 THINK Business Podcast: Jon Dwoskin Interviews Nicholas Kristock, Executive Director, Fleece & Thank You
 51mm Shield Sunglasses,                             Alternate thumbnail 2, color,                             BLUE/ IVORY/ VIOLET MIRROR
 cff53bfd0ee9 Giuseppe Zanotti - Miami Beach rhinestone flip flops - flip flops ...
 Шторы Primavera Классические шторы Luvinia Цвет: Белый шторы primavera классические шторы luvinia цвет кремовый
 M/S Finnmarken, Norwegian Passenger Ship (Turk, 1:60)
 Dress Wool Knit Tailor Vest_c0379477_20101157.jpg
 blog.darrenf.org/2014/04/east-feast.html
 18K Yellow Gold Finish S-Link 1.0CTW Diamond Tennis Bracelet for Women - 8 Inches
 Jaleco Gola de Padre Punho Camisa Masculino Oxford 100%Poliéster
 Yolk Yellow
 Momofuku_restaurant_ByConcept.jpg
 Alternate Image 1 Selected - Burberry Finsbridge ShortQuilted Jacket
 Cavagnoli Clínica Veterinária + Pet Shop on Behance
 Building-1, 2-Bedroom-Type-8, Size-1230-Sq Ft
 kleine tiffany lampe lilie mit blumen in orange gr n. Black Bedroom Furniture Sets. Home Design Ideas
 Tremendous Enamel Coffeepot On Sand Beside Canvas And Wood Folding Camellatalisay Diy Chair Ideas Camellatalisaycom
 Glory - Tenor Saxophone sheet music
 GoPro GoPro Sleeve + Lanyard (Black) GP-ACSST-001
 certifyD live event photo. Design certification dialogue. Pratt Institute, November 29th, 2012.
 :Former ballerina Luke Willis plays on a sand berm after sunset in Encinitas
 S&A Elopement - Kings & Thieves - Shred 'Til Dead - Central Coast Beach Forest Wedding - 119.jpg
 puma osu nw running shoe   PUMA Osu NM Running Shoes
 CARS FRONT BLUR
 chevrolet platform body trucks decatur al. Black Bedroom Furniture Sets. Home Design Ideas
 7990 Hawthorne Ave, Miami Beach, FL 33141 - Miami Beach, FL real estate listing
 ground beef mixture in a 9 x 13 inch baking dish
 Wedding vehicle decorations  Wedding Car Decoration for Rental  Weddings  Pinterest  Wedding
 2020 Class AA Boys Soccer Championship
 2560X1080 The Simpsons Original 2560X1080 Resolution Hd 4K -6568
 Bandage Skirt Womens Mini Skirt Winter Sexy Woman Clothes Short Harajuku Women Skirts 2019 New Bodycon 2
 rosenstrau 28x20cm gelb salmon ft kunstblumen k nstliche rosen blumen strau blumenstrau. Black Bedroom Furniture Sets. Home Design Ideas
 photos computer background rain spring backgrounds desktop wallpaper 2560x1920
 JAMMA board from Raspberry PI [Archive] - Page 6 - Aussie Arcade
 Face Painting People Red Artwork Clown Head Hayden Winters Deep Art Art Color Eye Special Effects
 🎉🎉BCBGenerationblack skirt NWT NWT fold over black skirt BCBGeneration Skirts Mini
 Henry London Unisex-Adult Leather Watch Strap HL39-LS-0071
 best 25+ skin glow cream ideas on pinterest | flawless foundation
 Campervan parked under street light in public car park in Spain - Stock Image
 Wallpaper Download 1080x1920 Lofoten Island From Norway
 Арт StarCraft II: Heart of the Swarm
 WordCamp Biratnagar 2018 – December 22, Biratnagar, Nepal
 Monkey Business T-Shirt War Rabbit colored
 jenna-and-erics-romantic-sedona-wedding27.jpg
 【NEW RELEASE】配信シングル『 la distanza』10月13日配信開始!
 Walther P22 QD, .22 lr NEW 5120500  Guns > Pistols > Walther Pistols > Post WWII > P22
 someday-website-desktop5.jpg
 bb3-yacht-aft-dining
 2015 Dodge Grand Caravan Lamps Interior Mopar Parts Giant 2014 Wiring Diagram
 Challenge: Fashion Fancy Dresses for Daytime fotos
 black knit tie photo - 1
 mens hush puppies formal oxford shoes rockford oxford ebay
◆ ◆ ◆ ◆ ◆ ◆ ◆
▸ Activity
Copy each line in the entries above where "blumen" turns up.

▸ Solved exercise
 kleine tiffany lampe lilie mit blumen in orange gr n. Black Bedroom Furniture Sets. Home Design Ideas
 rosenstrau 28x20cm gelb salmon ft kunstblumen k nstliche rosen blumen strau blumenstrau. Black Bedroom Furniture Sets. Home Design Ideas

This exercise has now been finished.